-- SUPPLIED MATERIAL follows --

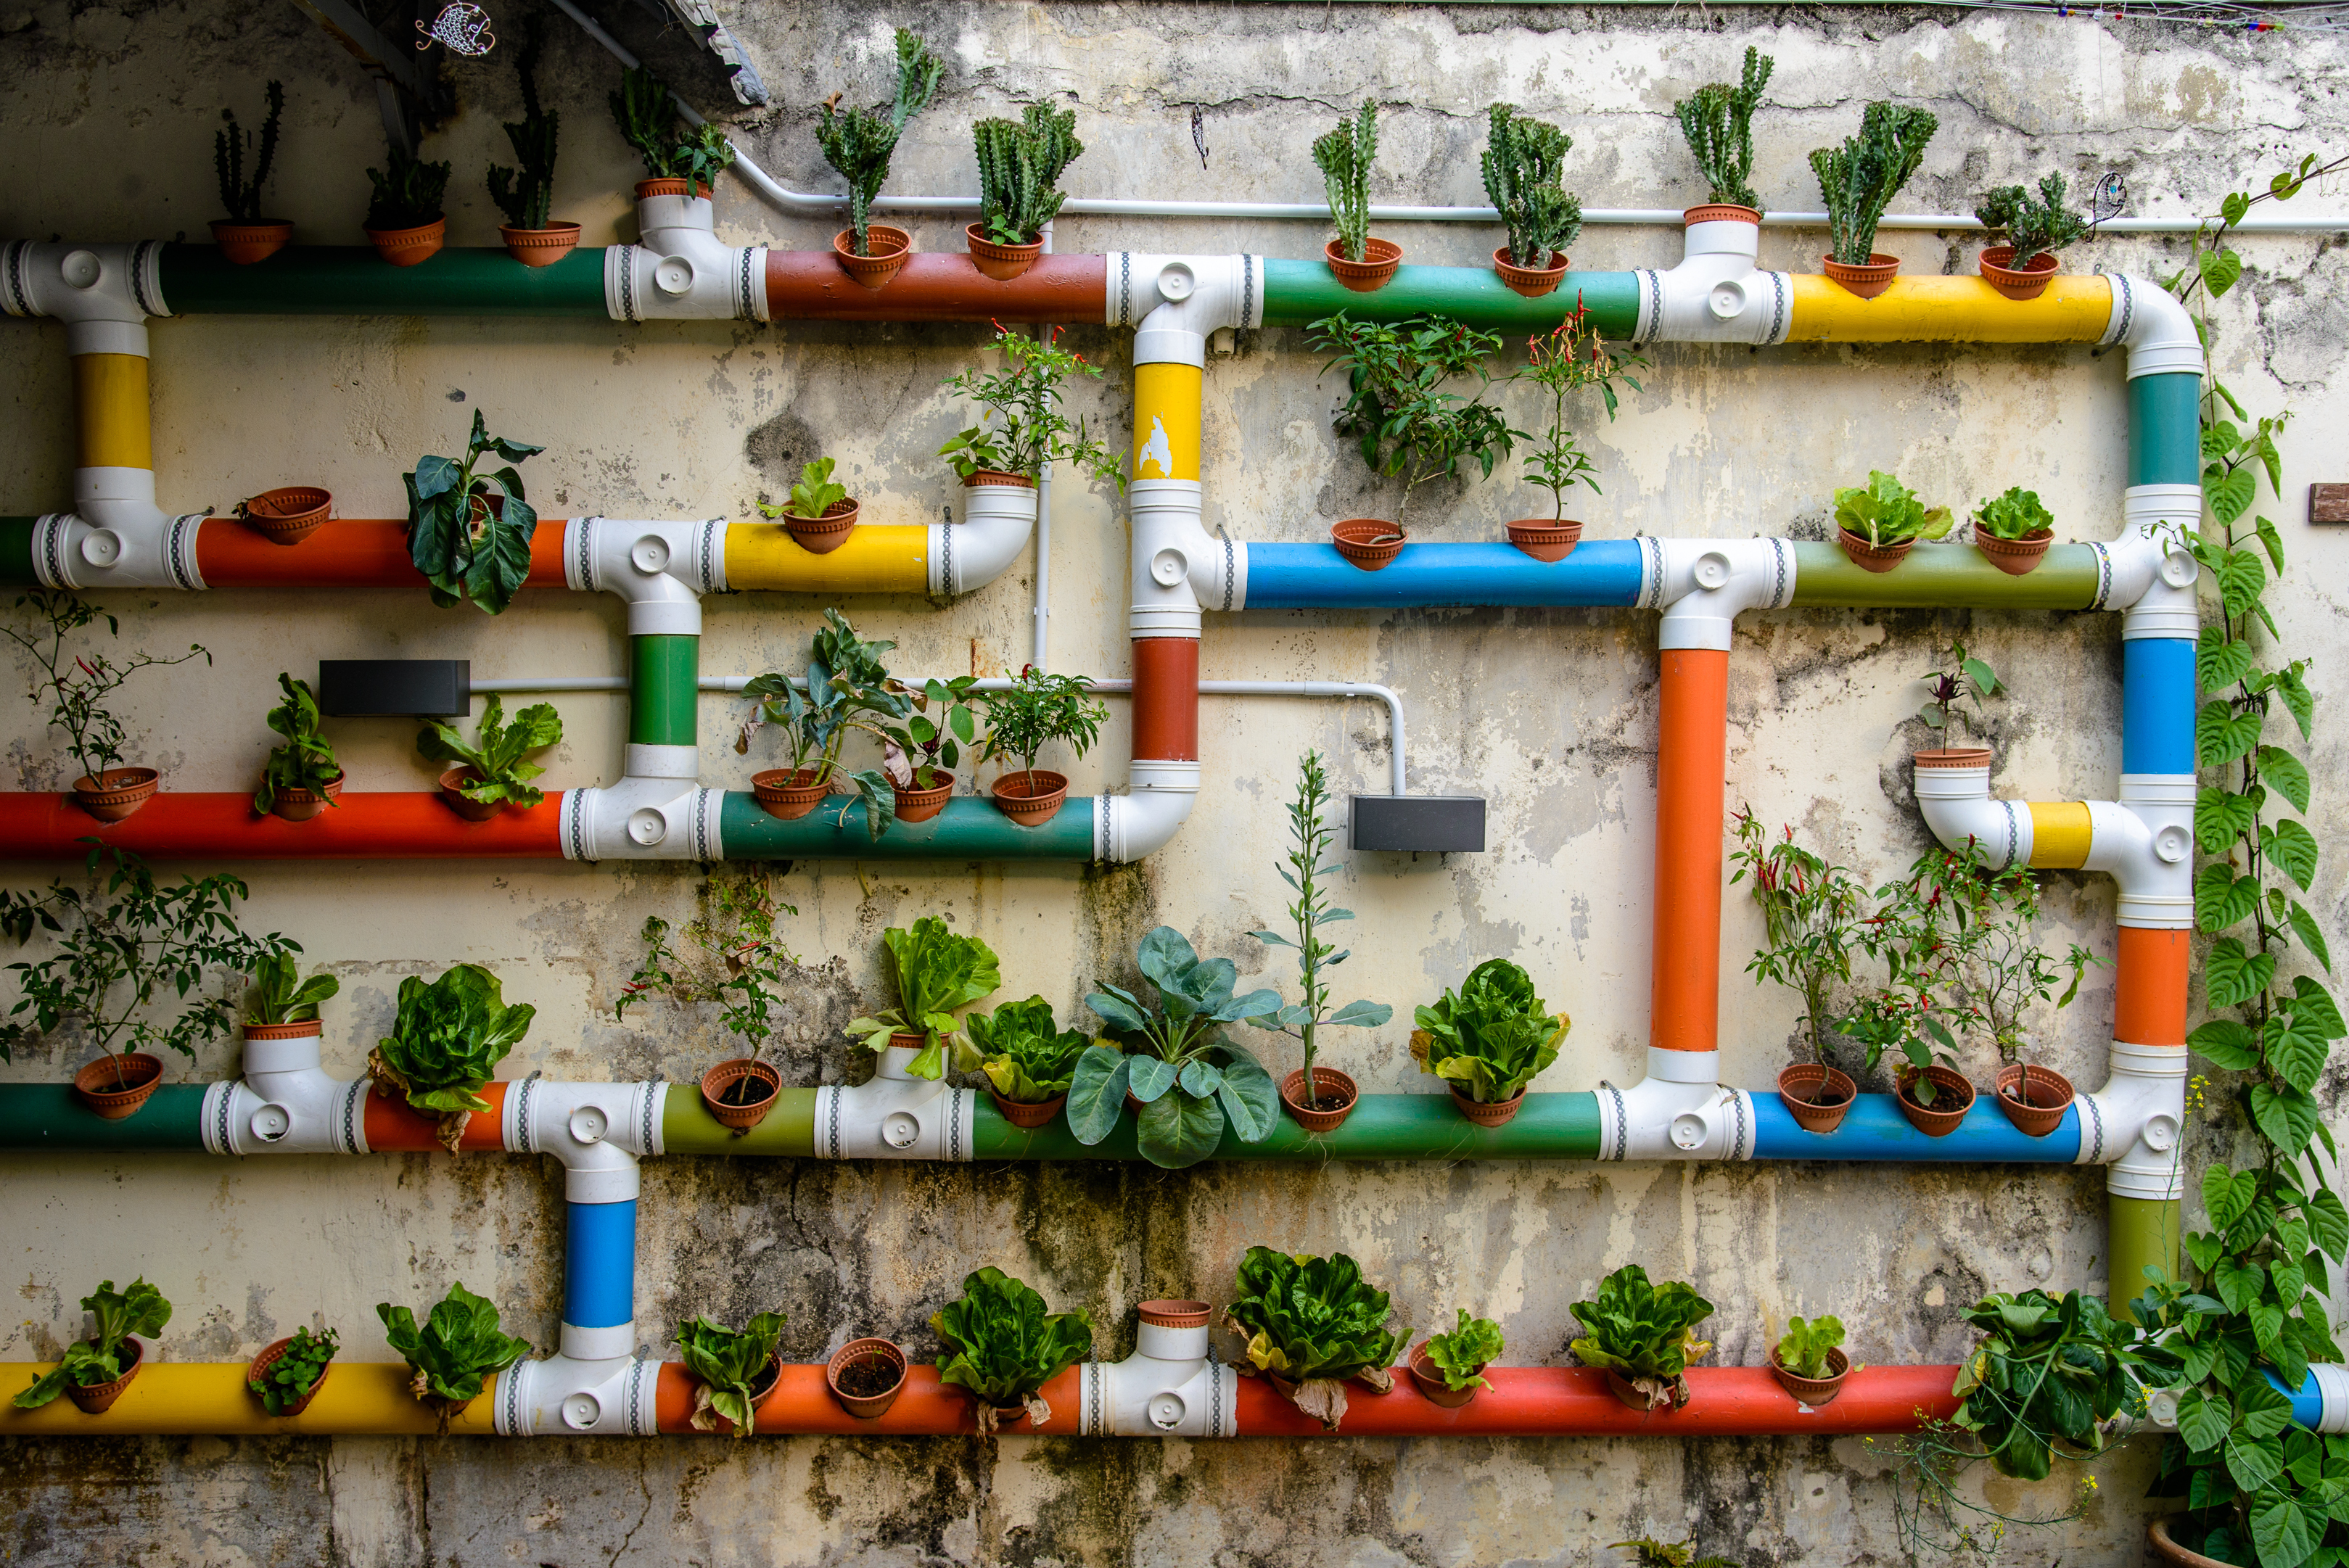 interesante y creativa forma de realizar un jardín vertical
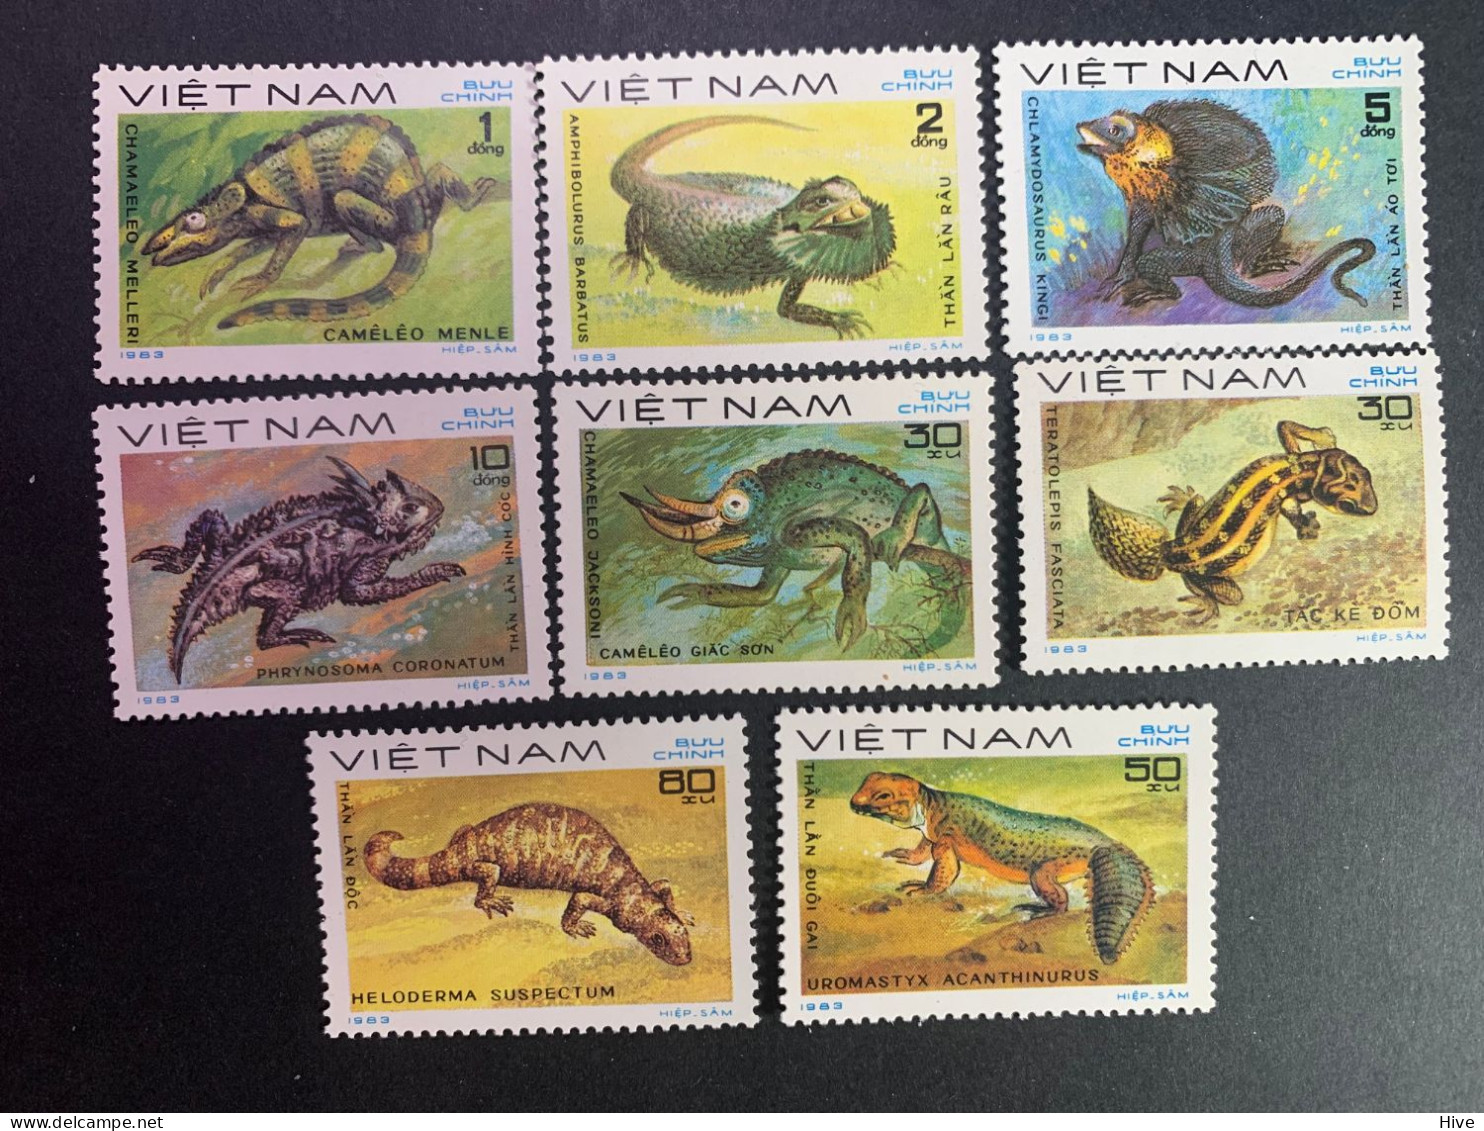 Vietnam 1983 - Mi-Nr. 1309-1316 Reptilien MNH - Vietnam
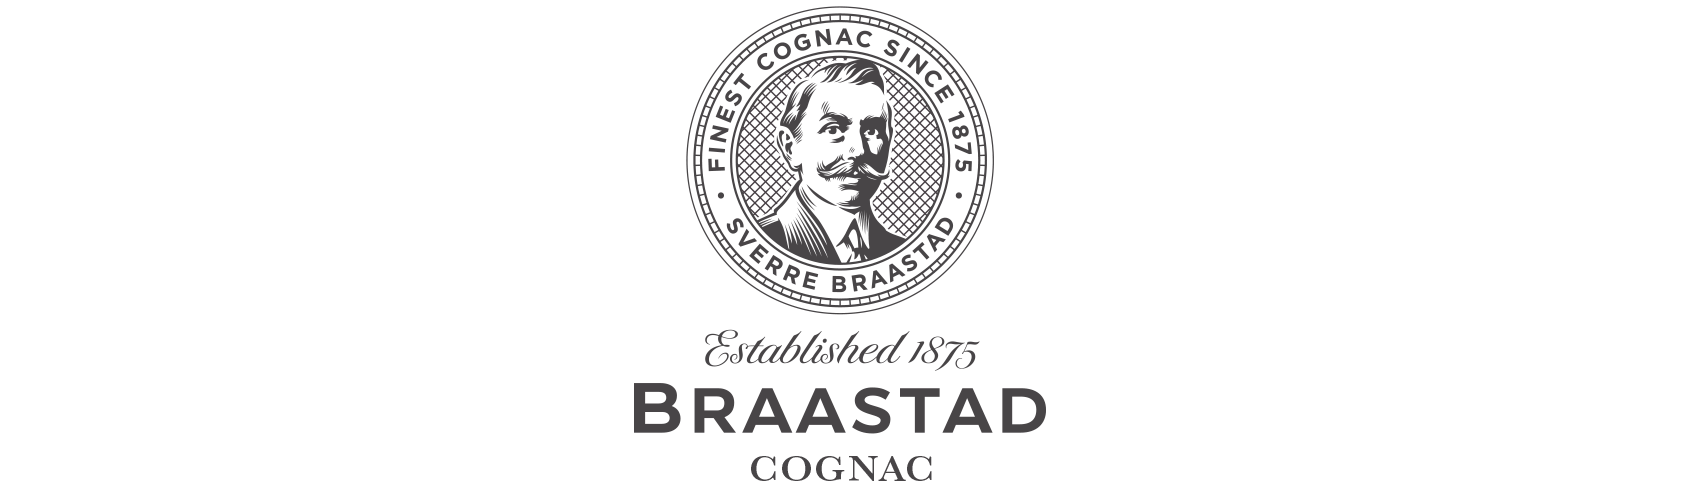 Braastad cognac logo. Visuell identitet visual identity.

-- SUPPLIED MATERIAL concluded --

Excluding all images, transcribe the material word for word.

EXERCISE SOLUTION
 interesante y creativa forma de realizar un jardín vertical
 Vietnam 1983 - Mi-Nr. 1309-1316 Reptilien MNH - Vietnam
 Braastad cognac logo. Visuell identitet visual identity.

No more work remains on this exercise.